# 3 point Hydraulic issue



## Kdp4au (8 mo ago)

Good afternoon. New to the forum, and I found my way due to not being able to figure out the issue anywhere else. With that being said, on to the issue. Tractor is a 2005 m5400 4wd open station. Let's say I have a rotary cutter (bush hog) hooked up to my tractor. It will do it with any attachment, I just feel like the implement makes it easier to paint the picture. If I have the implement all the way up, and want to lower it down to a certain level (lets say 4) even if I stop the lever at the desired setting, it will continue to drop until its bottomed out. Unless I pull back on the lever just enough to stop the drop, then it will stay at that level for some time. Now, lets say I am done cutting, and want to pull the implement all the way up so I can travel down the road. It will raise the implement up, then you can hear the engine go under load (more or less) as if its continuing to try to raise the implement. Similarly, If I push the lever down just enough you can hear it release, and will hold that position for some time. It's incredibly frustrating, due to it making bush hogging a constant game of readjustments and uneven cutting. I took it to my local Kubota dealer at the beginning of the year, and they claim they couldn't find anything. Anybody got any clue what this might be? Thanks for any help in advance!


----------



## BigT (Sep 15, 2014)

Hello Kdp4au, welcome to the tractor forum.

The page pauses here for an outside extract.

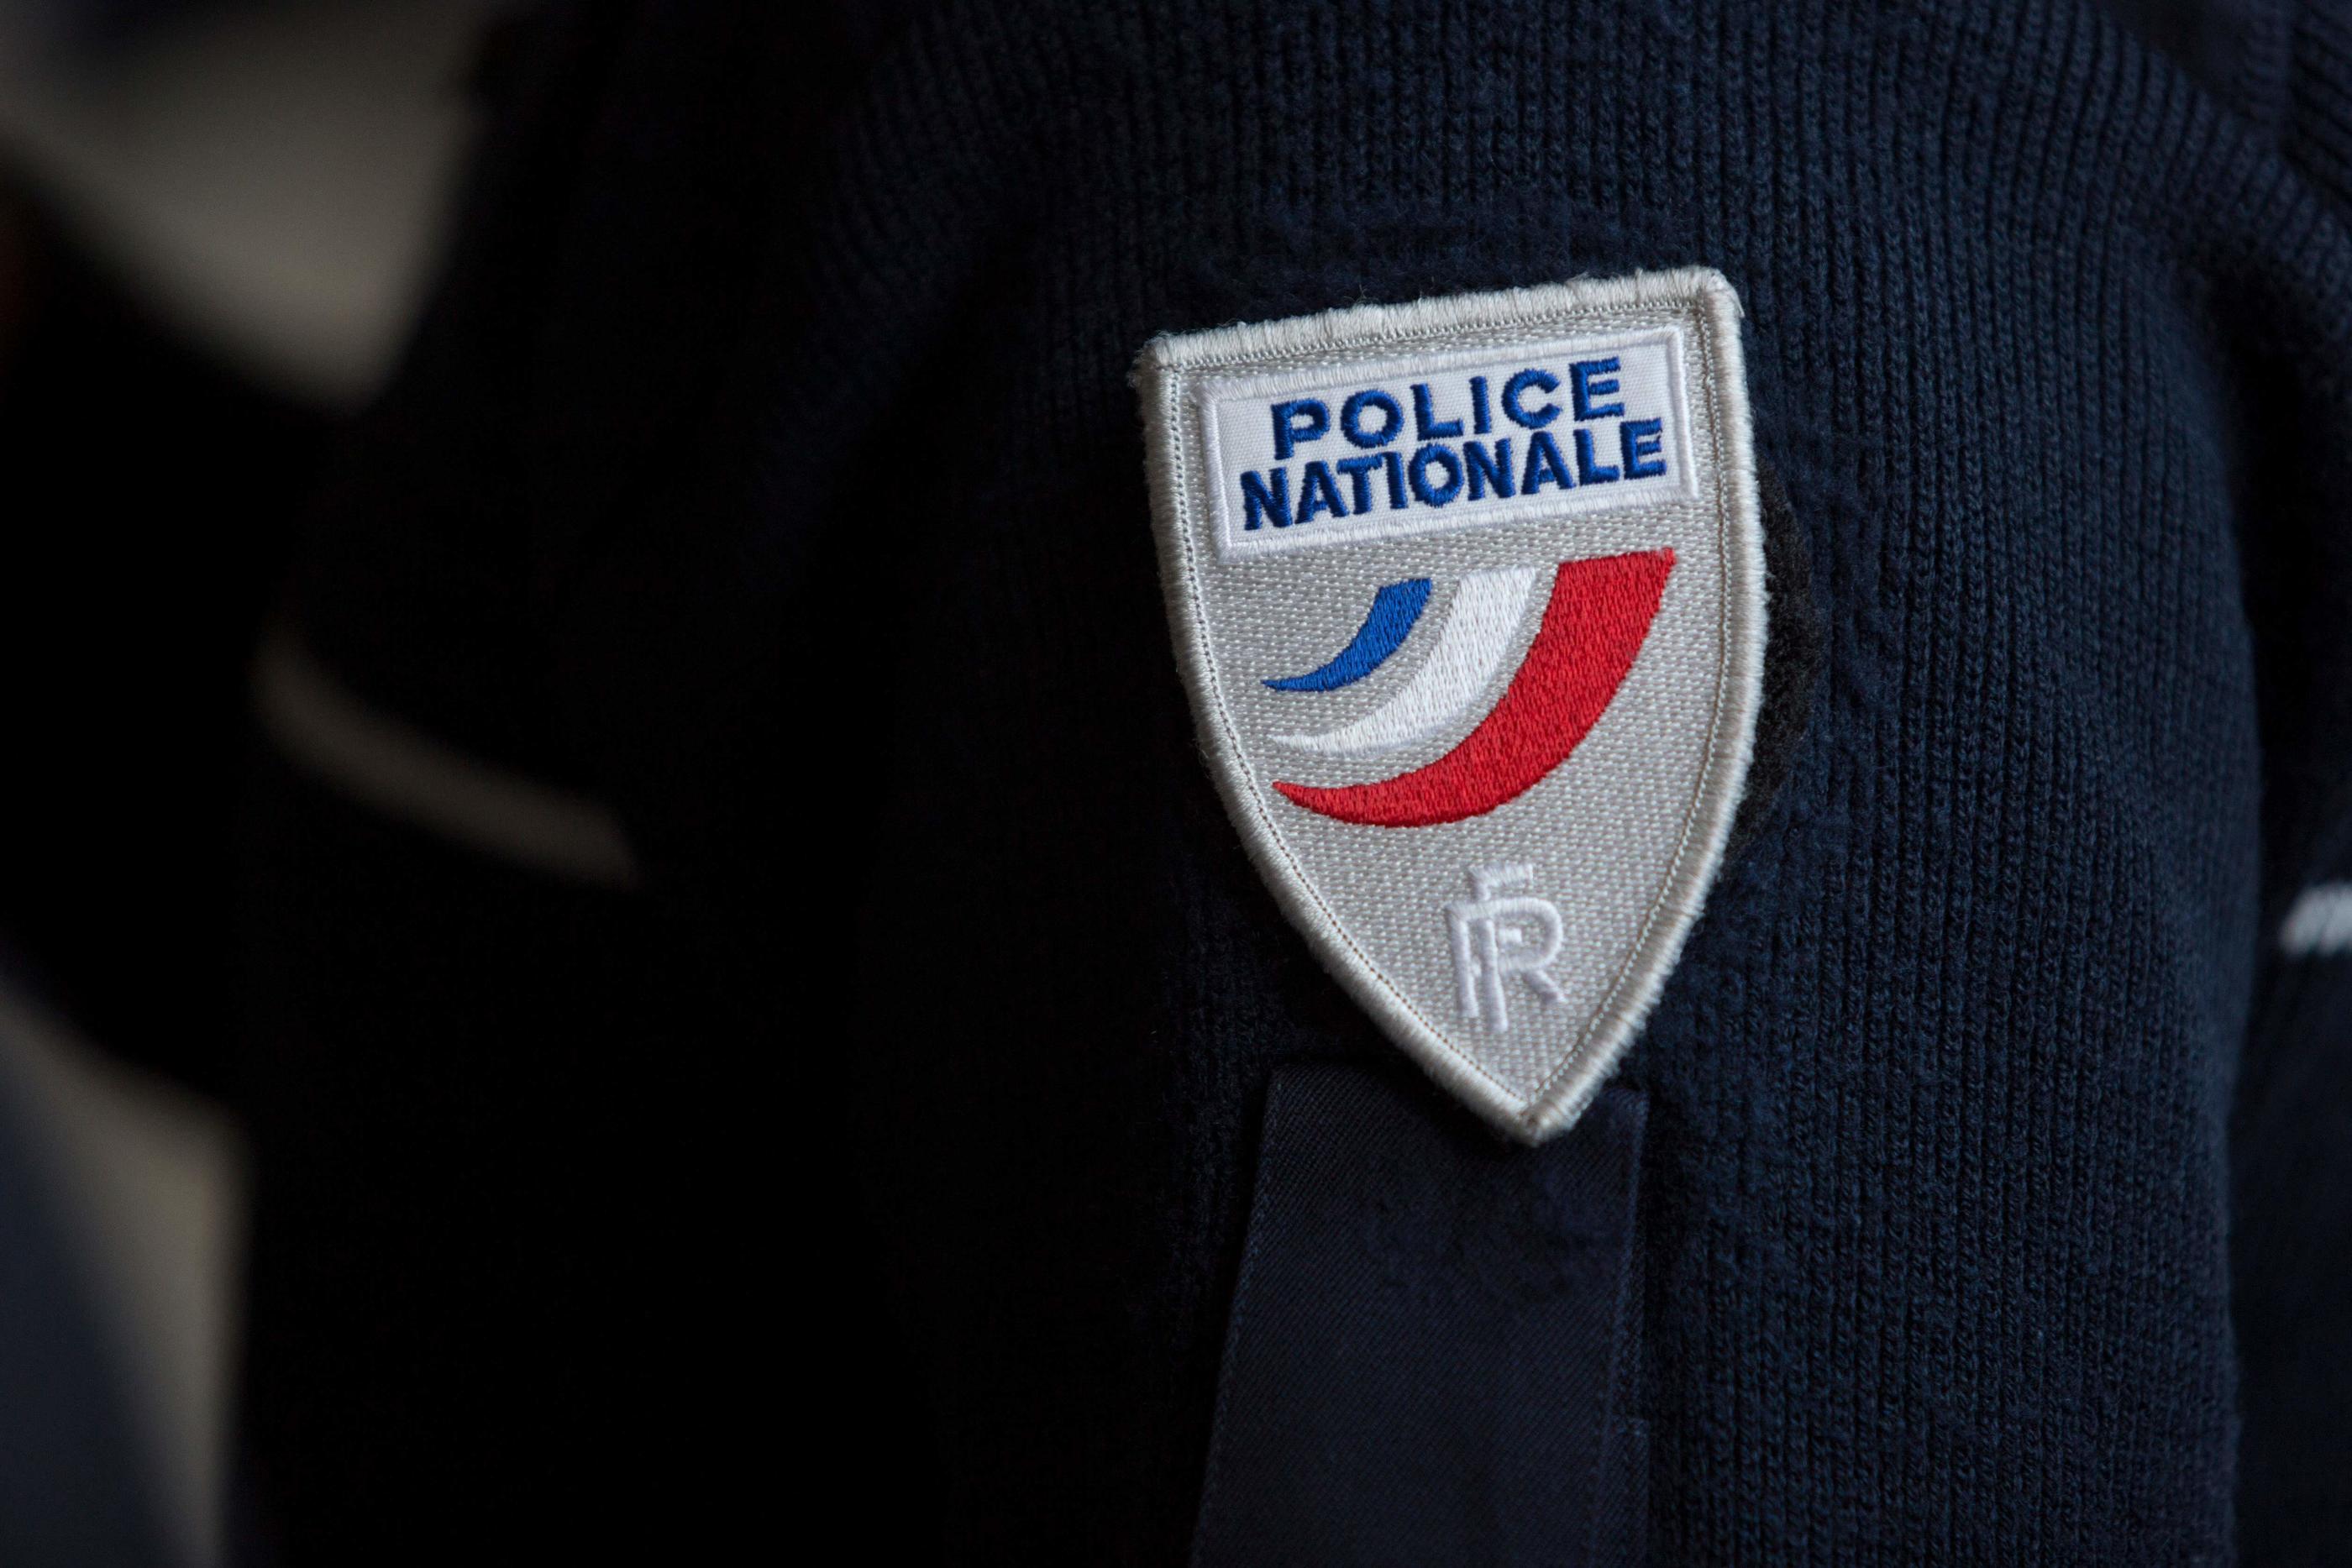 Interpellé en région parisienne, le jeune homme doit à présent être réacheminé sur La Rochelle, indique le procureur de la République de Charente-Maritime. AFP/Geoffroy Van der Hasselt

As tractors age, their lift systems develop quirks as you are seeing with your M5400. You can spend a lot of money trying to fix the problem, or you can exercise your options . My favorite Mower Deck Height Stabilizer is pictured below. Virtually every tractor parts supply shop has some version of this chain system. You set the chain lengths to the cutting height you desire and that's where it will stay till you make another setting. You can lift the mower deck up as far as you wish, no problem. But when you lower the deck, it will go only to the cutting height you set it at. These systems go for less than $50.











Can you put a bolt in your lift control lever guide to prevent you from going full stroke as you describe the pump keeps on running at full lift?


----------



## Kdp4au (8 mo ago)

BigT said:


> Hello Kdp4au, welcome to the tractor forum.
> 
> As tractors age, their lift systems develop quirks as you are seeing with your M5400. You can spend a lot of money trying to fix the problem, or you can exercise your options . My favorite Mower Deck Height Stabilizer is pictured below. Virtually every tractor parts supply shop has some version of this chain system. You set the chain lengths to the cutting height you desire and that's where it will stay till you make another setting. You can lift the mower deck up as far as you wish, no problem. But when you lower the deck, it will go only to the cutting height you set it at. These systems go for less than $50.
> View attachment 79286
> ...


That's a really good idea. Especially for the rotary cutter, set it and forget it.


----------



## LouNY (Dec 15, 2016)

It sounds to me like your linkage is misadjusted.
Putting the engine under load at the max lift position tells me that the lift control is still trying to lift
at the ends of the mechanical travel and pressurizing the system till the pressure relief is opening to lower the pressure.
Does your tractor have a draft control as well as position control?
If so they are likely both out of adjustment, you need a good service manual.
Continued operation with the hydraulics running against the relief valve is not good for anything.


----------